Planning and tracking employee time has always been challenging. With many firms going to remote or hybrid working arrangements, it has only become more difficult. Having a solid grasp of staff hours and allotment is key for profitability. Now more than ever, firms need to be able to budget staff time and allocate resources accurately and effectively.
Existing Challenges in Managing and Tracking Employee Time
For small- and medium-sized firms, the practice of planning and collecting team members’ time is one of the most challenging parts of practice management. Getting each employee to log their hours accurately is often difficult. There is a delicate balance to strike between getting granular time detail and having employees feel like they are being micromanaged.
It takes dedicated time from leadership to review time entered. Even more time is needed to develop budgets for projects, allocate staff to each project and track performance to budget. There is always a risk that inefficient tracking and review processes can lead to wasted time.
For many firms, the current process involves manual tracking, which is time-consuming and prone to human error.
New Challenges in Managing and Tracking Employee Time
The onset of the pandemic has made the entire time budgeting and tracking process even more difficult. Many firms have moved to a remote or hybrid work environment, which means employees are no longer in the same building. Additionally, it is unlikely that staff employees are working traditional 9-5 schedules. These factors make communicating and collaborating harder.
Some of your firm’s clients are likely also in remote or hybrid working environments. For now, the days of traditional fieldwork where the entire team spends a full week or two at the client’s office are gone. Instead, some fieldwork may be completed at team members’ homes, an idea that may have seemed preposterous a few years ago.
These challenges make it all the more important to have efficient processes in place. Employee time is the most important resource an accounting firm has, and it needs to be utilized properly for the firm to stay profitable.
Below are some tips to help you plan staff time and allocate firm resources.
Establish Team Roles and Availability
In order to make educated decisions around resource allocation, you will need to understand the full deck you are working with.
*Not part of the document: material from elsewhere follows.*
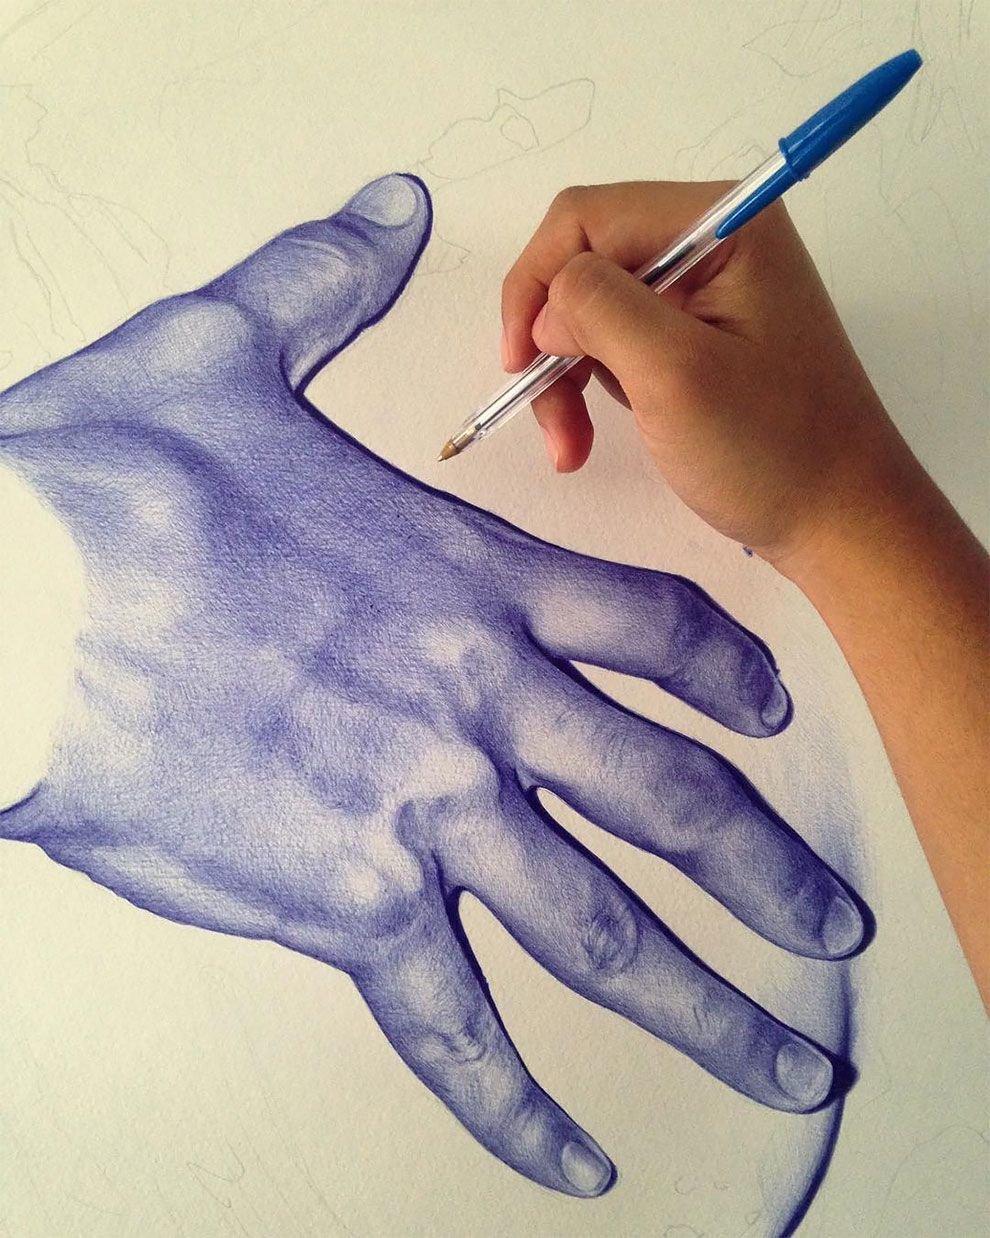 красивые рисунки шариковой ручкой для начинающих одной части

It is important to have a firm grasp of how many team members you have, their level in the organization, the number of hours they can work each week and the skillset each team member possesses. With many offices going remote or hybrid, it is even more important to understand the availability of each team member, as many aren’t working traditional 9-5 schedules.
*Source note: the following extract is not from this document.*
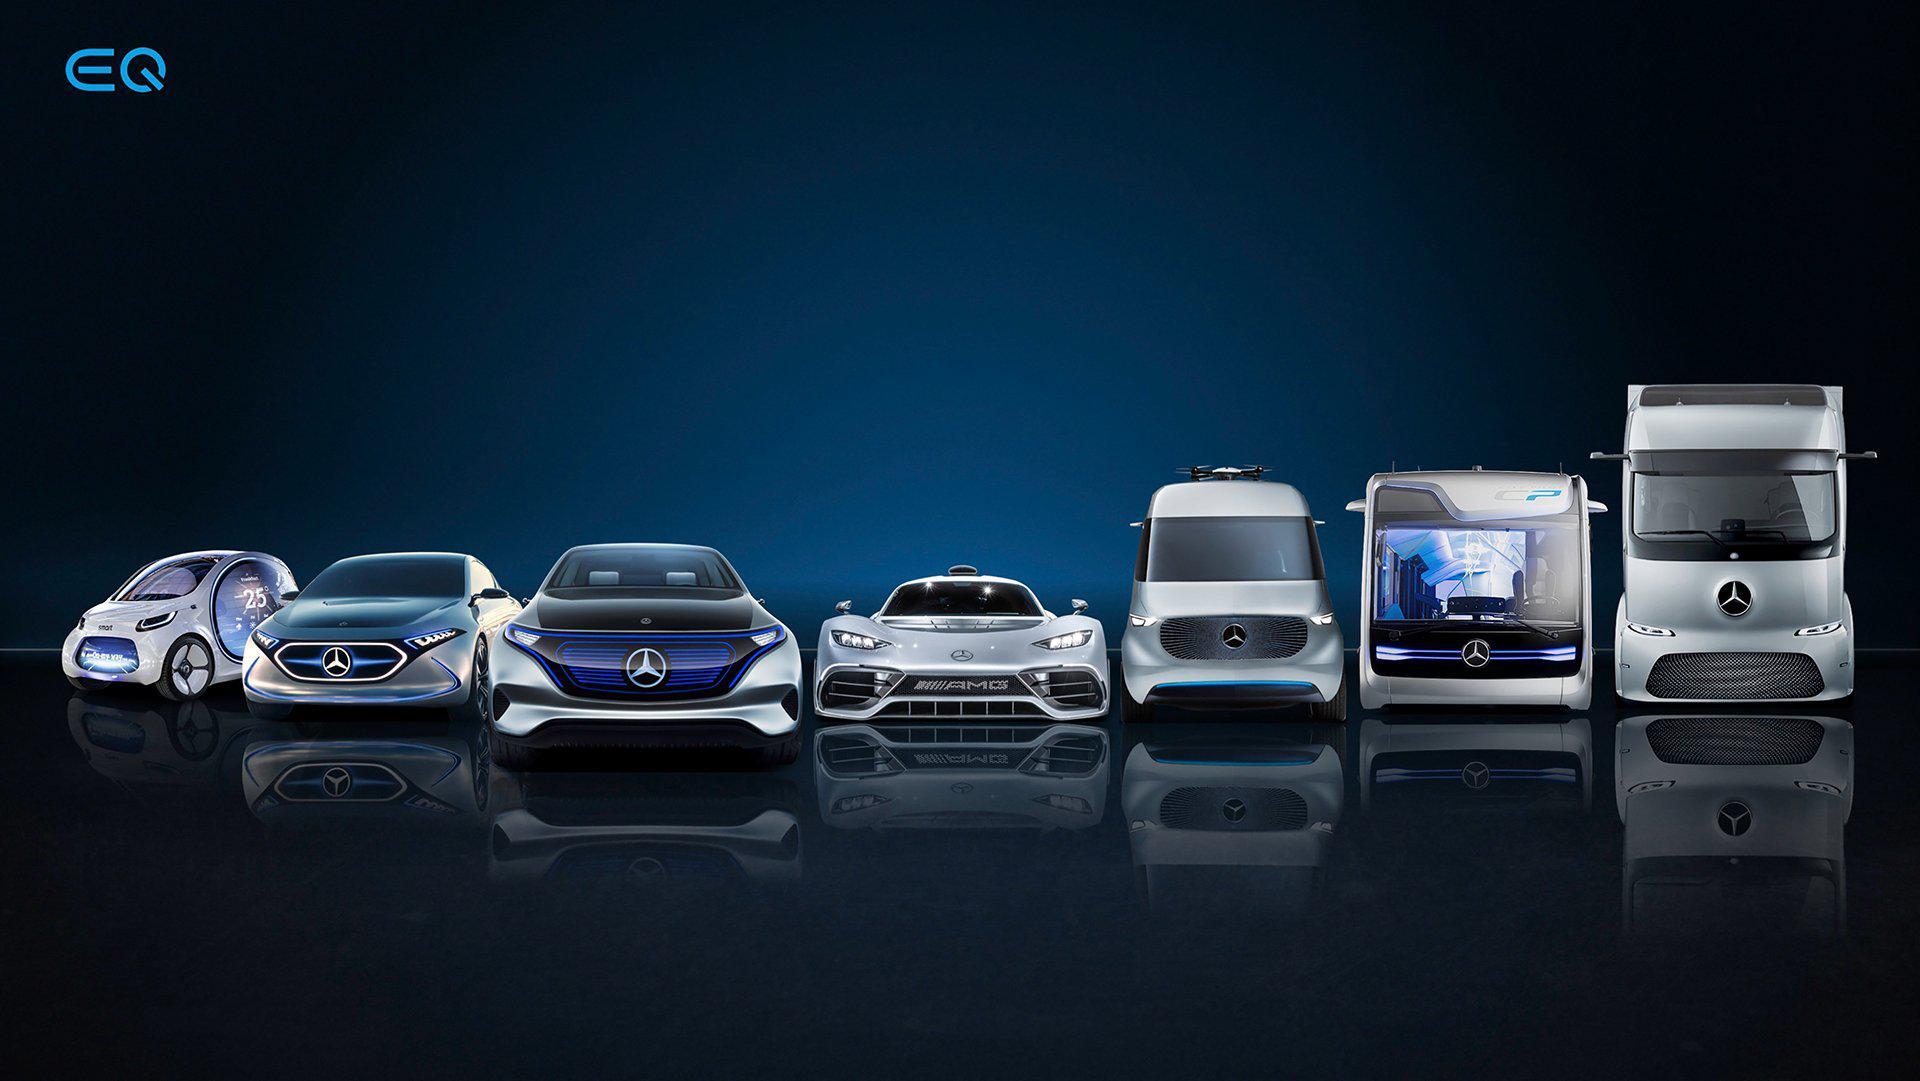 奔驰电动品牌EQ旗下第二款SUV车型EQB将于2021年正式推出

To avoid conflicts, each team member should also have a firm understanding of their role and expectations. The easiest and most official way to accomplish this is to keep job descriptions on file for each role (senior auditor, audit manager, etc.) and share them with the employee upon hire. If a team member’s role changes via promotion or reorganization, that change should be accompanied by an updated job description.
Create Hourly Budgets for Projects and Common Tasks
To effectively budget for and assess new projects, you will need to understand the resources each project will require. To avoid reinventing the wheel each time a new client is brought on, consider keeping standard budgets and workflow templates on file for each type of project. Recurring projects such as bookkeeping, individual tax returns and compilations typically don’t deviate much from ordinary requirements. Even larger, more fluid engagements such as audits can at least be budgeted by component – audit planning, inventory, accounts receivable, etc. Break down each type of project to an hourly budget so that when you add it to your workload, you understand the amount of resources that will be needed to complete the project.
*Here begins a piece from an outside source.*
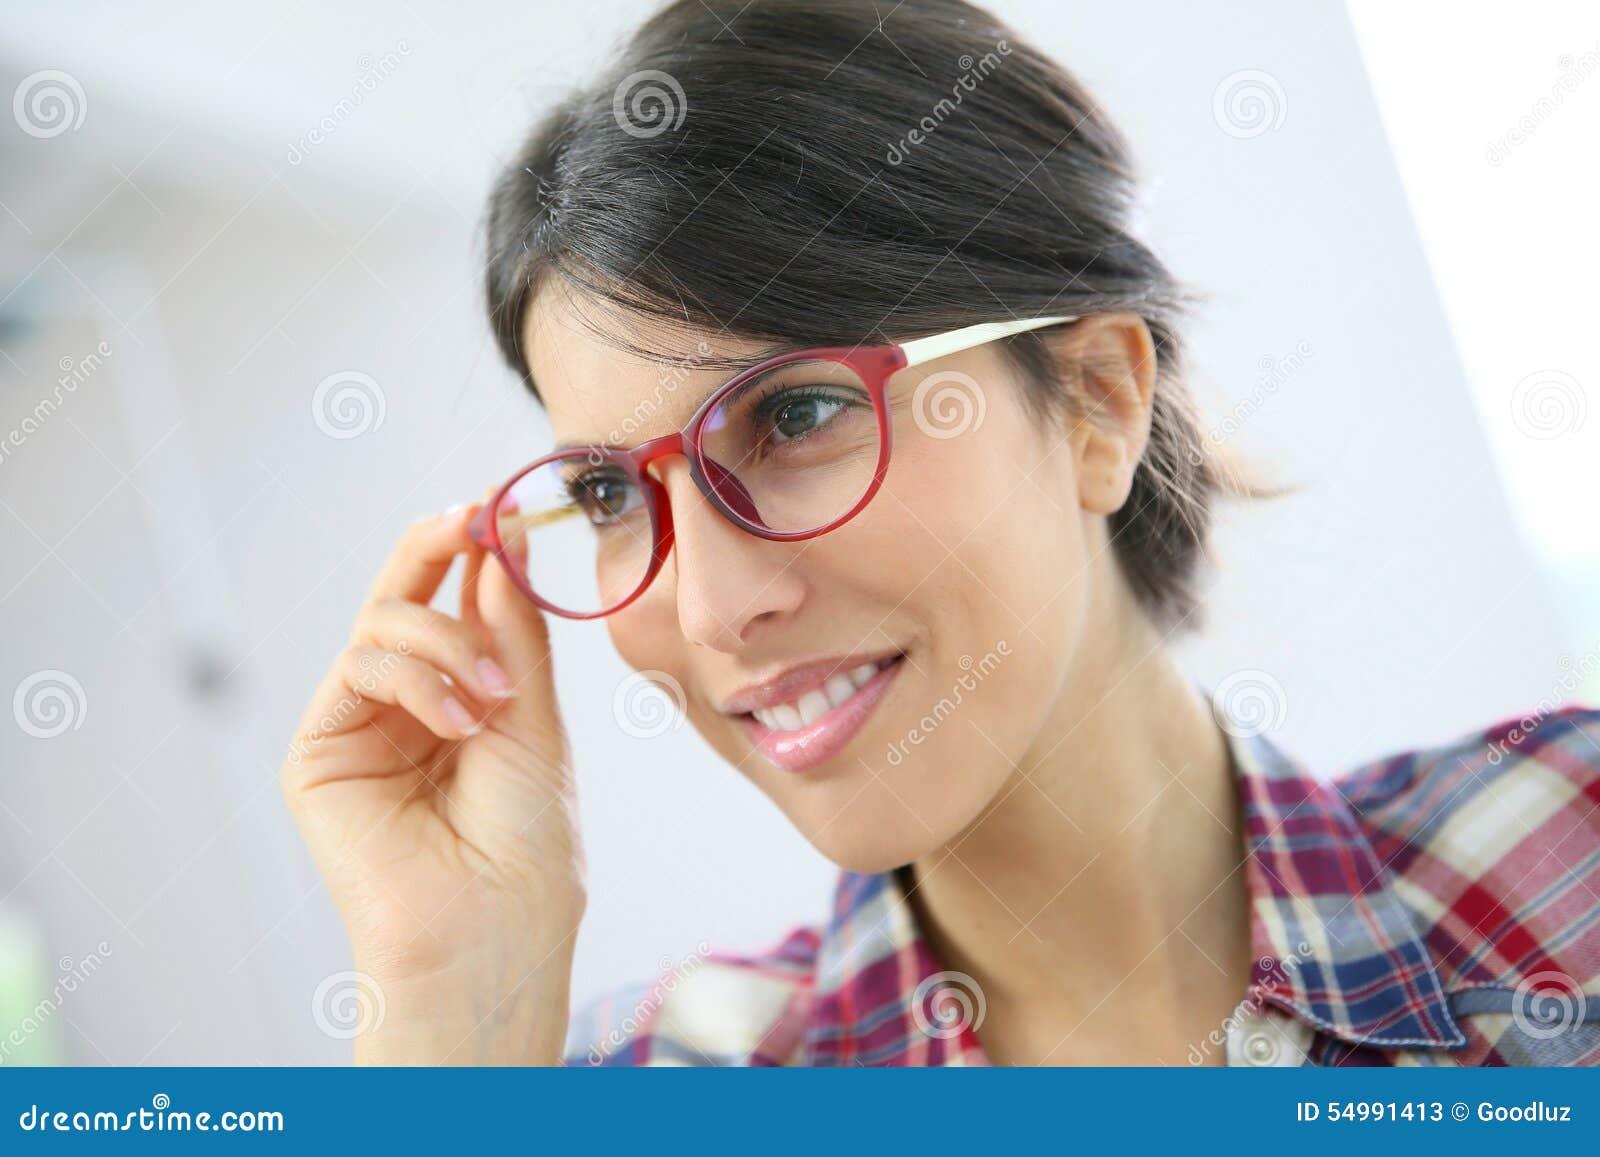 Stående av den unga kvinnan med rött glasögon

In the past, a team member might have been onsite at a client’s office for a day, a week or longer. In the current remote or hybrid environment, team members aren’t limited to working on only one client in a given day. Breaking projects down to hourly requirements allows you to allocate components of different projects to the same team member on a given day to maximize efficiency.
Communicate Effectively with Your Team
As mentioned previously, there is a risk that employees will view detailed time tracking as micromanaging and “Big Brother” watching their every move. To help alleviate their concerns, explain to team members that the goal of time tracking is to make their lives easier. Explain that the primary purpose of keeping track of time is to learn if our clients are making the firm profitable. Making the firm as successful as possible is beneficial for team members at every level.
With team members working remotely, it is important to align on expectations for work schedules and client deliverables. In many ways, working remotely can lead to greater efficiency, so long as communication is clear on expectations. Utilize remote working tools such as Zoom, Microsoft Teams or other solutions that allow you to touch base with your team members and collaborate via screen share.
Utilize Software to Help
If the prospect of budgeting projects and tracking time seems daunting, consider utilizing a software package to help with some of the heavy lifting. There are many time and billing software options out there, each with different features. Some common features include:
- Time input by employee, project, and task
- Dynamic reporting with the click of a button
- Firm-wide view of all projects in process and the resources available to complete them
- Key metrics such as realization rate and accounts receivable aging
- Integrating with other parts of your business, such as invoicing clients, collecting payments, and file management
Both new and old challenges make the practice of tracking staff time and resource management difficult. It is easy to get frustrated and avoid detailed timing tracking and planning all together. However, if you follow the tips outlined above you can rise above the challenges and start making strategic time and resource decisions that will benefit your firm in the long run.